Nel frattempo a Federico continua a vibrare il telefono in tasca. Quando lo prende legge gli infiniti messaggi sul gruppo dei professori: una lettera anonima con su scritta la confessione di un pensiero suicida è stata trovata nei corridoi della scuola. Federico inizia a toccarsi nervosamente le tasche dei pantaloni e pensa “Dannazione, la lettera!”
È già, quella lettera era proprio sua. Alunni e professori danno proprio il via a una caccia all’autore, fuori da scuola si presentano masse di giornalisti interessati alla vicenda che non si fanno scappare nessuno. Anche Matilde che sa perfettamente chi è l’autore. Federico aveva avuto una specie di storia proprio con lei, una sua alunna appena maggiorenne e purtroppo questo sarà un capitolo un po’ buio della sua vita.
La preside, preoccupatissima, decide di organizzare con alcuni professori un dibattito per parlare dell’accaduto, per sensibilizzare e per spingere gli alunni a parlare sempre con qualcuno se si hanno dei problemi. Il logo di questo evento è un elefante. Ma perché è proprio l’elefante?
Giovanna ci spiega che quando gli elefanti sentono che è giunta la loro ora si allontanano dal branco scegliendo un compagno o una compagna con cui trascorrere questi ultimi momenti, e questo ci insegna che rispettare la riservatezza di una persona non vuol dire abbandonarlo al suo destino, ma significa darle la libertà di aprirsi con chi ritiene più opportuno farlo.
Se dovessimo chiedere a Federico come è iniziato tutto, lui ci risponderebbe: “Quel pomeriggio di ottobre, proprio quando mia moglie aveva più bisogno di me, io avevo altro per la testa e non ho nemmeno sentito il telefono. Da allora mi è andato tutto storto…”
È da qui che è iniziato il calvario di Federico. Cosa stava facendo in quel pomeriggio di ottobre? Cosa è successo a Vittoria? Lo scoprirete solo leggendo È così che si fa, storia scritta da Giulia Rossi in un libro di narrativa in cui i personaggi principali sono quattro: Federico, la moglie Vittoria, l’alunna “speciale” Matilde e la collega di Federico, Giovanna. Altri personaggi come colleghi, alunni e il bidello Mariano sono perlopiù secondari.
Questo libro fa capire che non tutti siamo perfetti, tutti commettiamo errori, l’importante è capirlo e riscattarsi. È pieno di frasi e aneddoti che fanno vedere il mondo reale con occhi diversi.

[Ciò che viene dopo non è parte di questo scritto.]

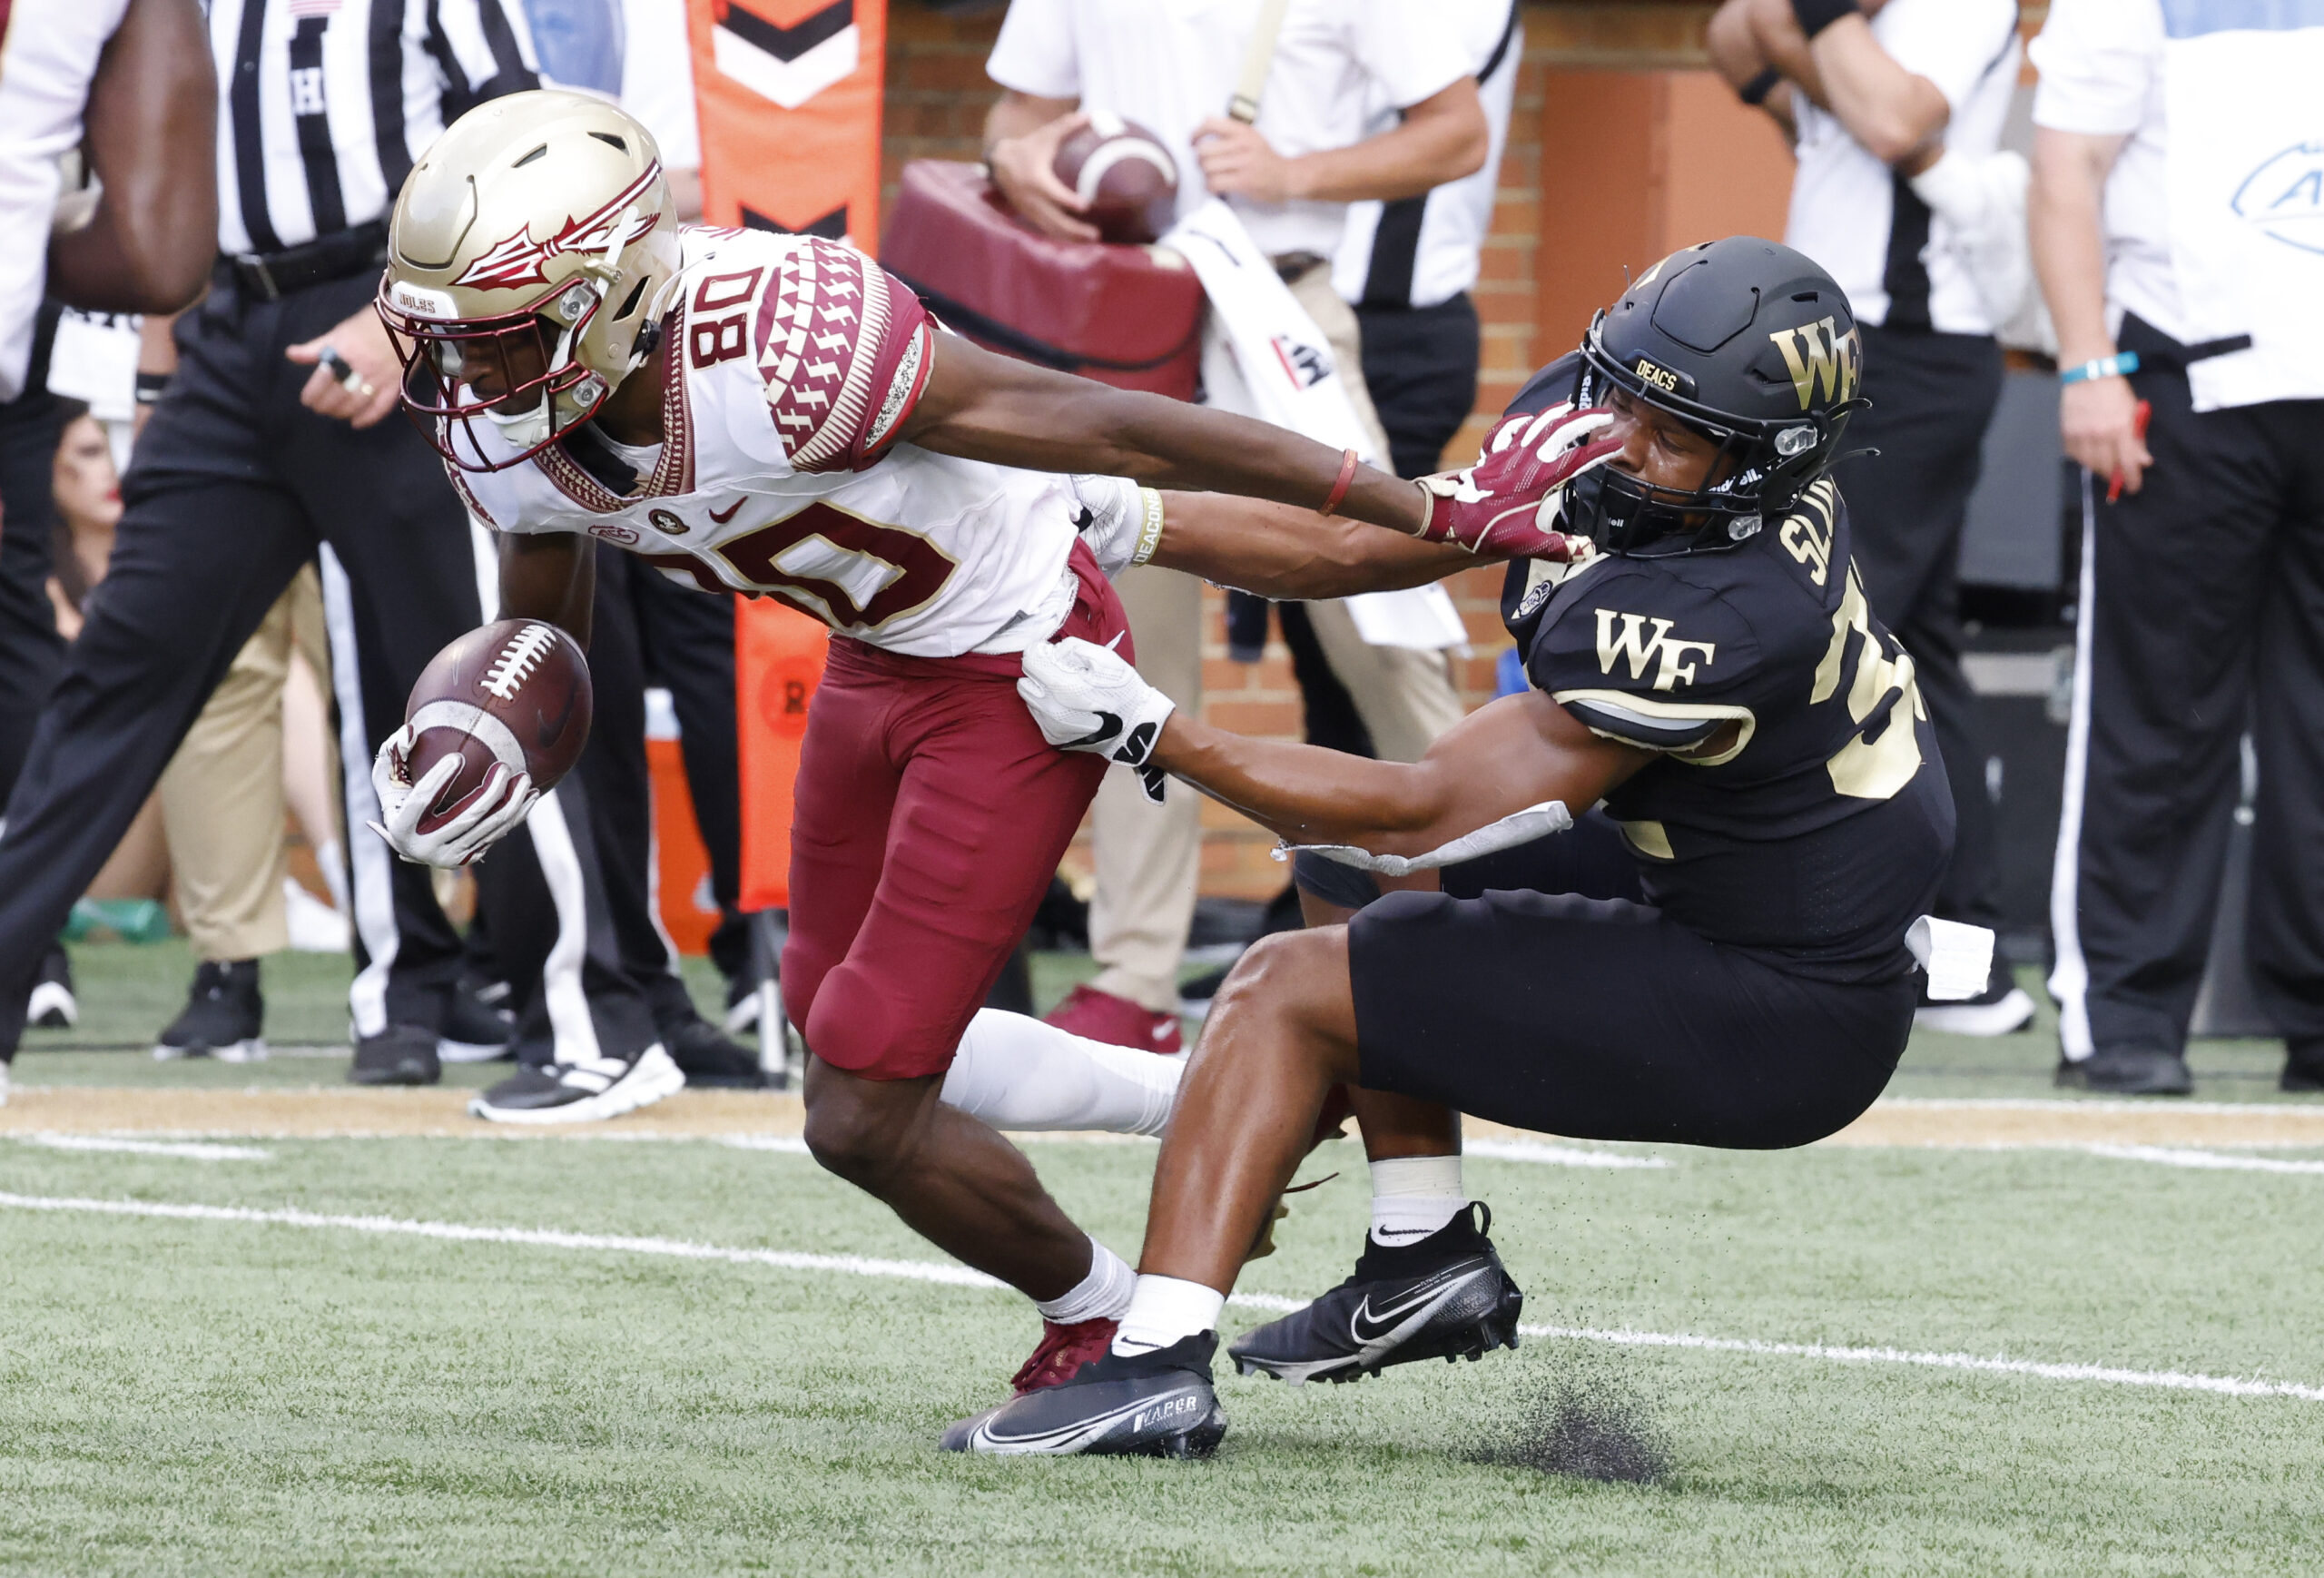 Wake Forest vs. Florida State, live stream, preview, TV channel, time, how to watch college football

C’è un pensiero che mi piace particolarmente: “Ogni volta che ti lamenti della tua vita Federico ti guarda e pare dirti, “perché l’hai scelta se non ti piace?” Come se a tutti fosse concesso lo stesso grado di libertà, la stessa possibilità di plasmare l’esistenza a proprio piacimento. E non ci fosse già una differenza iniziale fra chi tra le mani ha una creta morbida da modellare e chi ha del marmo da levigare. Federico aveva sempre avuto la sua famiglia a coprirgli le spalle, che ne sapeva, lui, dell’idea di non avere alcun porto sicuro cui poter approdare in caso di tempesta?” Mi piace tantissimo questo pensiero perché mette concretezza all’idea di poter modellare la propria vita, perché spesso siamo noi a decidere come farla andare.
A quest’idea ne collego un’altra: “Quando, al corso prematrimoniale, Don Marco aveva chiesto a cosa dovesse assomigliare secondo loro un rapporto felice, Federico aveva pensato una bicicletta. Perché con la bicicletta si arriva più veloce di quanto non si farebbe a piedi ovunque si sia diretti. E poi chi ha deciso di starci accanto può al massimo dividere con noi la strada inforcando un’altra bicicletta. Possiamo uniformare l’andatura, indicarci reciprocamente i cocci di vetro pronti a forare le gomme e cambiare insieme la camera d’aria quando non riusciremo a evitarli. Ma ciò non toglie che il percorso, con tutto quello che implica, rimane un fatto privato. Chi non lo crede è un illuso o è seduto sul posto dietro del tandem di un altro e non lo sa.”
Il libro si caratterizza per uno stile semplice e interessante, soprattutto per il linguaggio comune e fluido ma a tratti ricercato, inoltre è chiaro e scorrevole e fa capire alla perfezione i concetti. Solo in alcuni punti può risultare un po’ difficile da seguire poiché la storia non segue un ordine cronologico, ma presenta numerosi flashback e flashforward.
Concludo con un altro passaggio che mi ha colpito e che la nonna di Matilde le ripeteva fin da quando era piccola: “La felicità, quando c’è, non ha bisogno di gridare. La si tiene a riparo, le si parla sottovoce. Come un bambino che dorme e che abbiamo paura di svegliare.”